The Company reported a 26% increase in revenues versus the year-ago period to a record $21.9 million for the fiscal 2008 fourth quarter ended March 31, 2008. In the quarter, the Company posted an Adjusted EBITDA of $8.9 million or $0.34 per share, and a net loss of $11.2 million or $0.43 per share. The net loss includes non-cash expenses for depreciation, amortization of intangible assets, non-cash interest, impairment of intangible assets and stock-based compensation aggregating $14.5 million or $0.55 per share.
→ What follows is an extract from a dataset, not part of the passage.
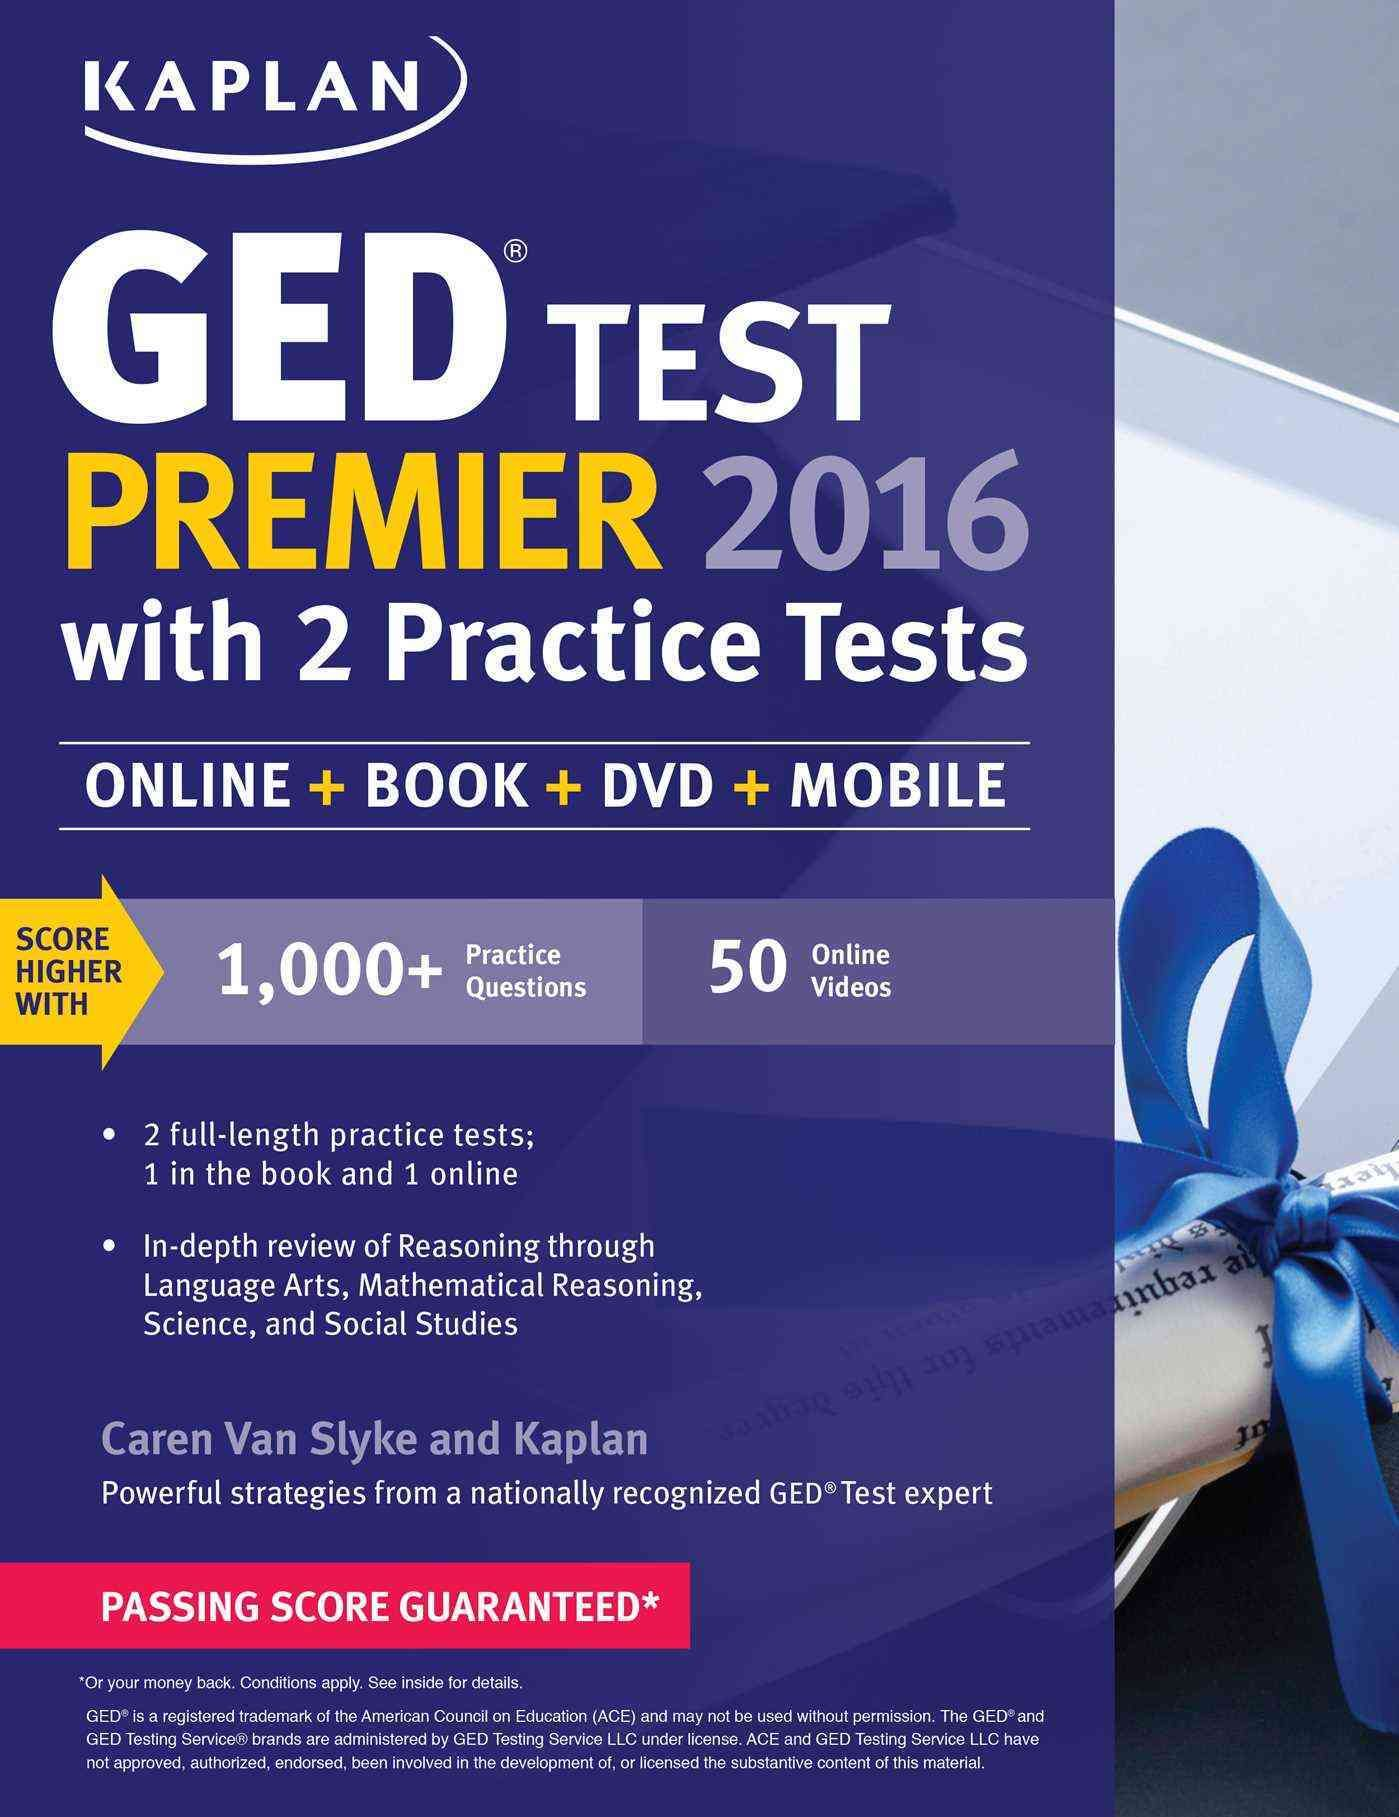 Kaplan Ged Test Premier Study Tools Online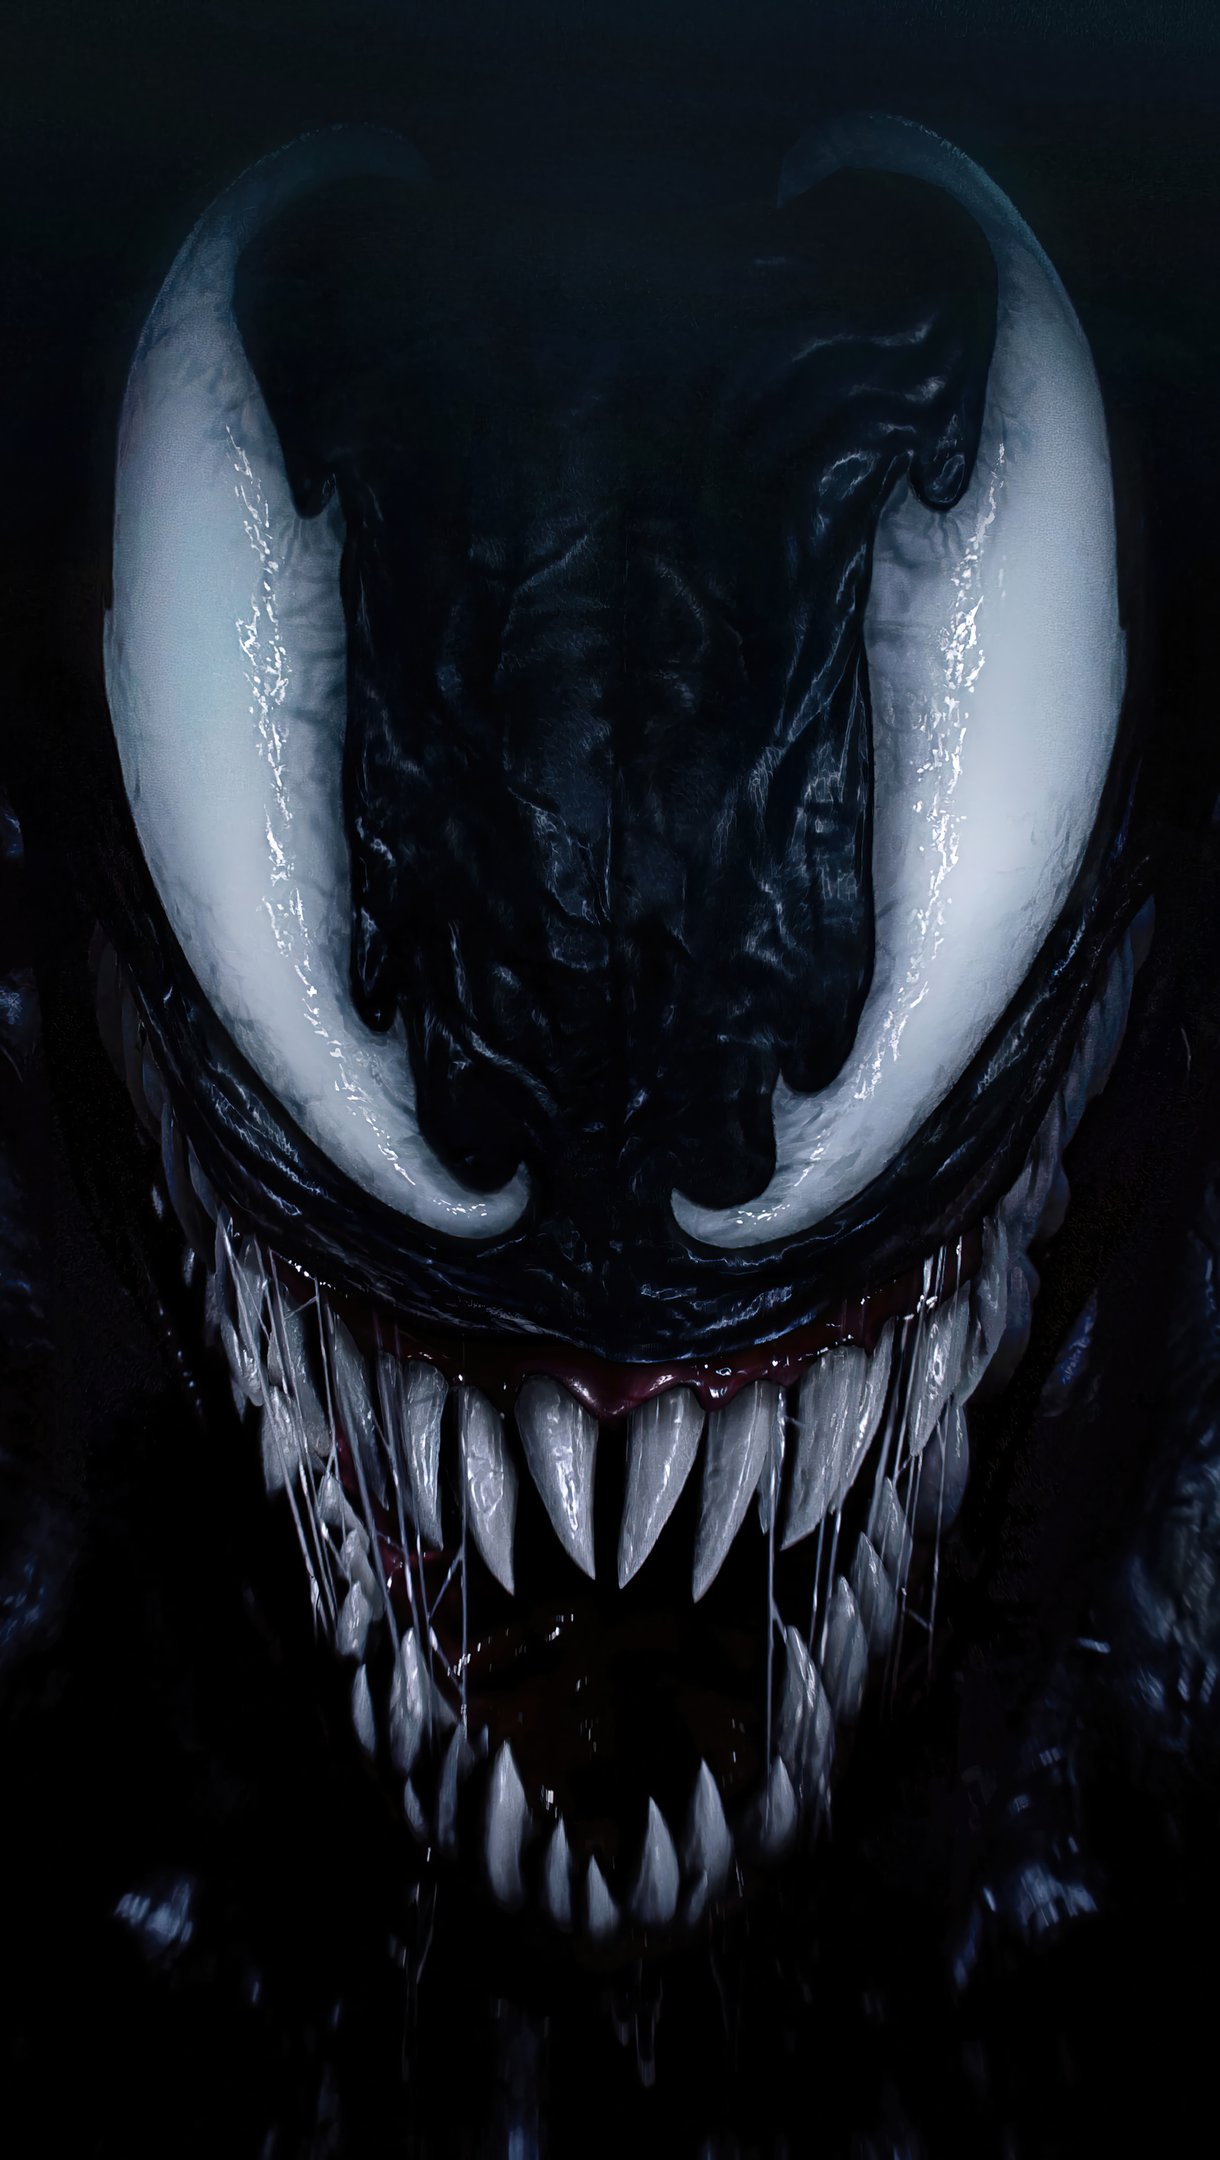 Wallpaper Venom's face Vertical

Bud Mayo, Chief Executive Officer of AccessIT, stated, "Fiscal 2008 was a year of great achievement for AccessIT. Among the many accomplishments in our Media Services Segment, we completed our Phase 1 digital cinema deployment of more than 3,700 screens, announced our Phase 2 deployment of an additional 10,000 screens and, in connection with our Phase 2 rollout, we have already entered into definitive agreements with four of the six major studios up to provide content and to pay VPFs. We also executed our first live satellite-delivered event with Disney/ESPN as our partner, expanded our satellite network to 254 multiplex sites covering 109 markets, and signed our first international agreement with Doremi Labs Inc. to provide our Theatre Command Center(TM) software and Library Management Server(TM) to customers internationally. In the Content and Entertainment segment, we signed an exclusive agreement with the San Francisco Opera to bring their performances to theatres throughout the world, and expanded our popular music and Kidtoons offerings. The Advertising and Creative Services unit has been through a major shift and we hope will be able to provide incremental national advertising to all of its screens during fiscal 2009. On the financing side, effective August 1, 2008, we have reduced the interest rate on $200 million of our outstanding GE debt by 2.5 percent to 7.3 percent, and continue to make progress on our refinancing efforts for our Phase 1 debt facility as well as preparations for the financing of Phase 2."

* Adjusted EBITDA is defined by the Company to be earnings before interest, taxes, depreciation and amortization, other income (expense), net, stock-based compensation and non-recurring items. Adjusted EBITDA is presented because management believes it provides additional information with respect to the performance of its fundamental business activities. A reconciliation of Adjusted EBITDA to Generally Accepted Accounting Principles ("GAAP") net income is included in the table attached to this release. Adjusted EBITDA is a measure of cash flow typically used by many investors, but is not a measure of earnings as defined under GAAP, and may be defined differently by others.